En la mesa está uno de sus actores, Luis Roberto Guzmán, protagonista de El Pantera, la nueva serie de Televisa. Mondragón le hace con la cabeza un gesto discreto para que se vaya. El actor se levanta y despide a su manager con un «nos vemos» susurrado, como para no fastidiarlo.

«Tráele un smoothie —pide a un mesero y se justifica—. Te va a gustar.» En un par de minutos el empleado cumple la orden, colocando entre su jefe y yo una espumosa torre roja. «Empieza. Tengo poco tiempo.»

El nombre “Jorge Mondragón” a muchos quizá no les diga nada. Pero nadie está a salvo: todos hemos consumido sus productos. «Es nuestro Puff Daddy», define el conductor Óscar Uriel. «Es un perro que cobra carísimo», explica el productor de televisión Pedro Torres. «Es un magnate», suelta Francisco Barrios “Mastuerzo”. «Si alguien es el diablo, es Mondragón», dice su amiga Amanda de la Rosa. Varios medios lo han calificado como “El Rey Midas”, un título que simplifica a este hombre que me recibe de negro —desde los pies hasta las uñas—, distendido en su silla.

«Aguanto mucha mierda —reclama—: Mondragón es el malo, el ladrón, el cabrón, el hijo de puta.»

«Hijo de puta, hijo de puta.» En una hora de conversación, se referirá de ese modo a sí mismo seis veces, vociferando, para indicarme la forma en que lo califican en el mundo del espectáculo.

¿Qué ha hecho Mondragón? La respuesta podría durar 20 años, los que ha dominado el rock y pop mexicanos antes de ser manager de Gael García, Diego Luna y las “Anas” De la Reguera y Talancón. Ha dirigido a las grandes bandas de México: desde Botellita de Jerez, Caifanes y Café Tacvba hasta La Maldita Vecindad, Moenia y Fobia. Pero, en millones y fama, Molotov es su hijo pródigo.

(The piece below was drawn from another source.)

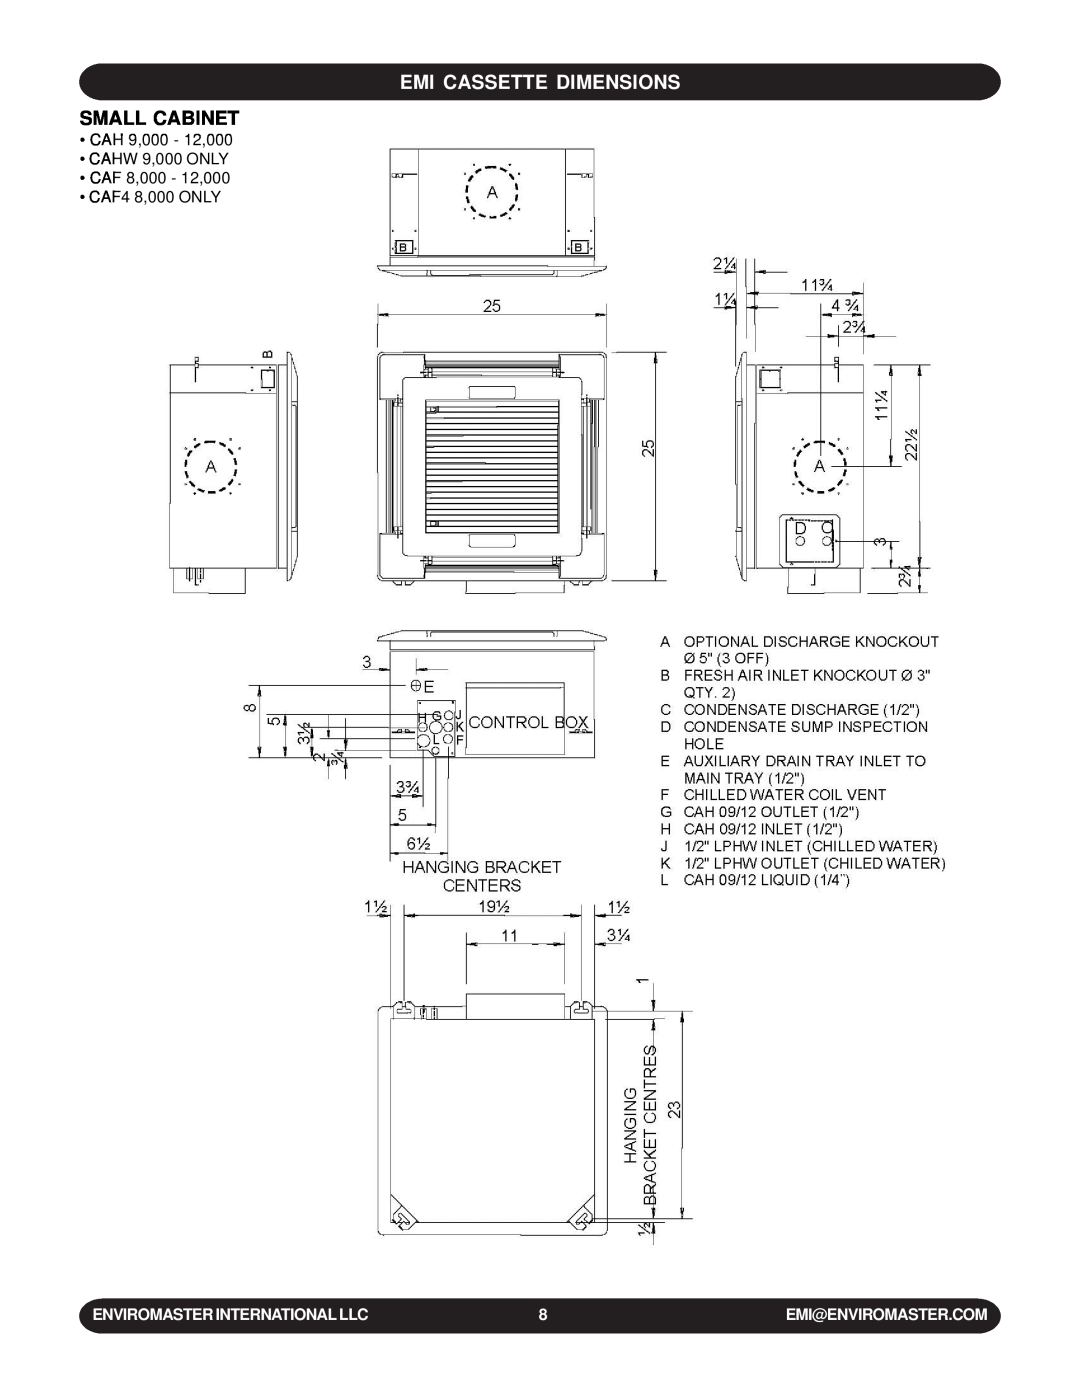 EMI WLCA installation manual Emi Cassette Dimensions, Small Cabinet, Enviromaster International Llc

Sobran ejemplos de sus conquistas. En 2001, Diego Luna aún era identificado como “el gordito” de El premio mayor. Hace poco, su imagen vistiendo Ermenegildo Zegna se alzaba en un espectacular del centro de Shangai. En cuatro años, de El crimen del padre Amaro a Diarios de motocicleta, Gael creció hasta ser una celebridad mundial. A sus más recientes creaciones, Talancón y De la Reguera, las arrancó del mundo de las telenovelas para instalarlas en el pedestal de divas.

Industrias Guacarock

A mediados de los 80, Mondragón, un rastafari de 22 años, solía llevar a sus cuates a las tocadas de Blitz, un grupo de reggae que alternaba en el bar Sugar de Zona Rosa con los ya famosos Botellita de Jerez. Sin buscarlo, se fue convirtiendo en promotor de la banda. Cuando Manrique Moheno, manager de Botellita, supo que ese chavo que sacaba unos pesos organizando fiestas de luz y sonido había negociado que Blitz tocara en el Sugar durante todo el Mundial México 86, decidió ofrecerle chamba. En sus primeras horas de trabajo, Mondragón escuchó que “los botellos” pretendían crear la disquera “Aguacate Records” (parodiando a Apple Records, de The Beatles). Días mas tarde, se acercó al “Mastuerzo”, Sergio Arau y Armando Vega-Gil, los miembros de la banda, que comían en el restaurante El Balcón, de Rockotitlán. Sacó de su bolsillo una tarjeta, muy bien impresa, con la imagen de un aguacate partido sobre una línea: «Jorge Mondragón – Industrias Guacarock.»

«Vi las tarjetas que hizo y me dio un chingo de gusto —cuenta “El Mastuerzo”—. Le dije: “¡A huevo, m’ijo!” Con ese gesto mostró sus ínfulas de empresario.»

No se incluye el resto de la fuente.